They are not impressive. No one would film them. They are slow, deliberate movements on a mat, the kind of thing that looks like nothing and costs more than it looks. Bracing. Holding. Breathing where I’m supposed to breathe. It’s small, unglamorous work to remind my spine where it’s supposed to be.
Here’s a thing I’ve had to make peace with: I have Ehlers-Danlos syndrome (EDS), and my body doesn’t stabilize itself the way most bodies do.
Connective tissue is supposed to be the quiet infrastructure of the body. Ligaments and other supporting tissues hold everything in place without us ever having to think about it. Mine doesn’t do that reliably. So the stability other people receive without noticing is something I have to create. Deliberately.

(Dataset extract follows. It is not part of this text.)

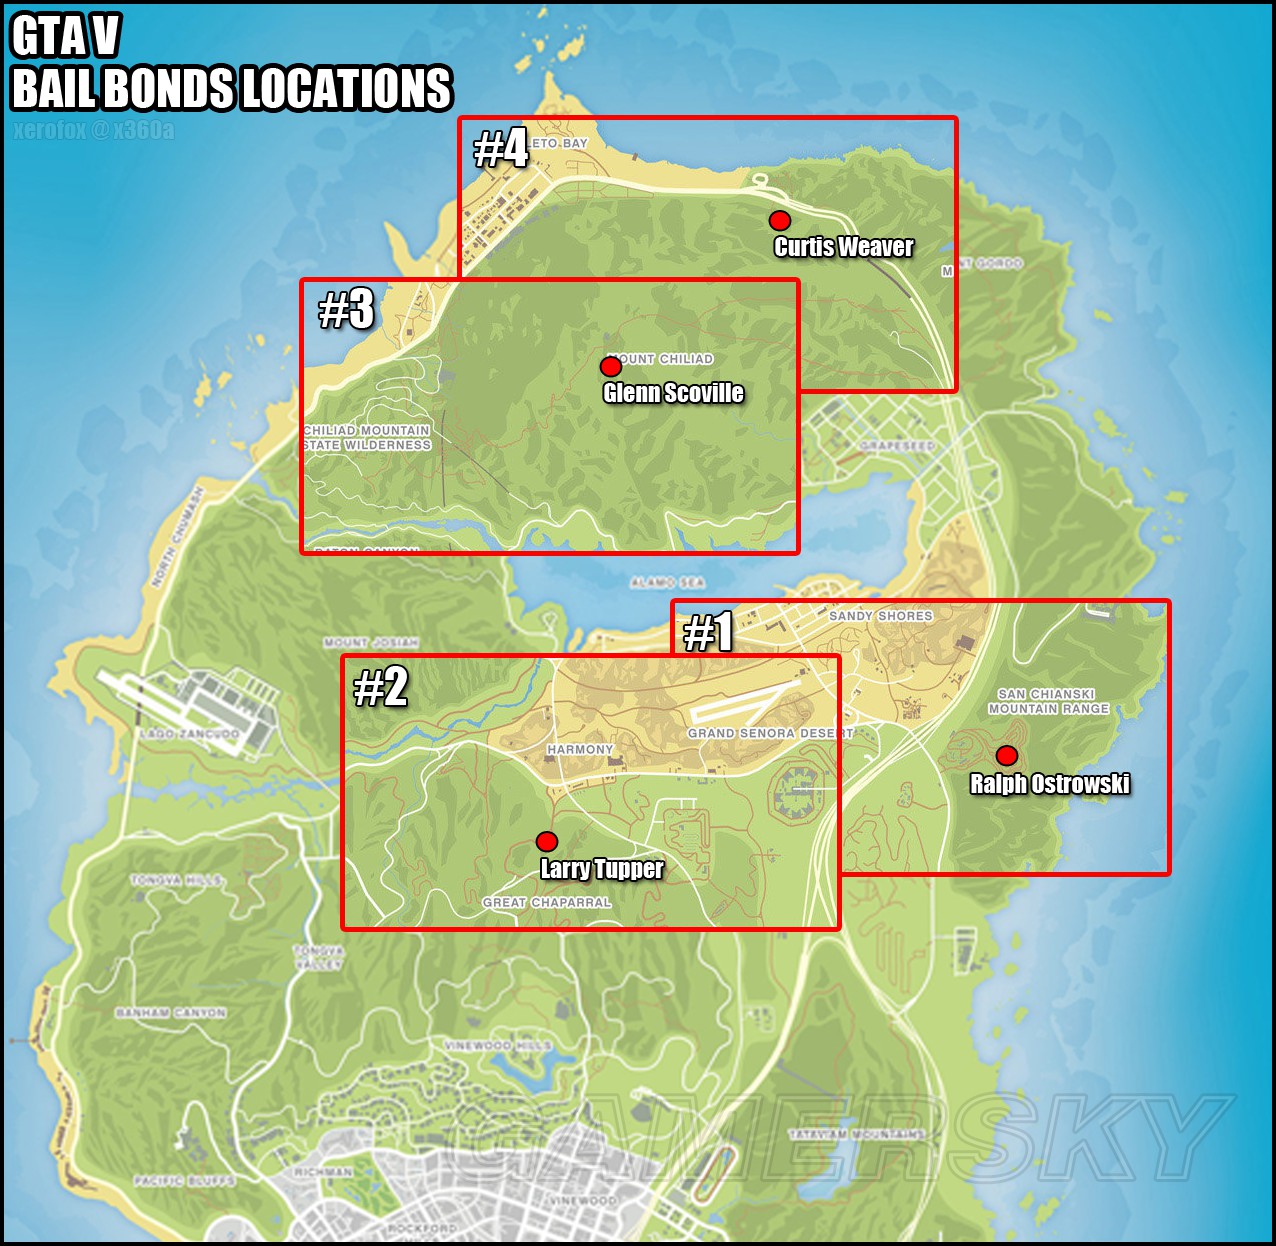 Glenn scoville gta 5 map location

Every single day.
Layer hemophilia B and von Willebrand disease underneath that, and you end up with a body that is both structurally unstable and prone to bruising and bleeding — a body that’s fragile in two different ways. My spine carries that burden, and my spine feels it.
The medical explanation comes with a handful of intimidating names, including scoliosis, multilevel grade 1 retrolisthesis, and moderate foraminal stenosis. In plain English, my spine curves where it shouldn’t, several vertebrae have shifted slightly out of alignment, and the openings where nerves leave my spine have narrowed. Connective tissue that was supposed to hold everything steady doesn’t.
When I finally had an MRI of my spine, I hoped someone would find a way to fix it. I don’t ask that anymore, as there is no fixing it. There is only tending to it.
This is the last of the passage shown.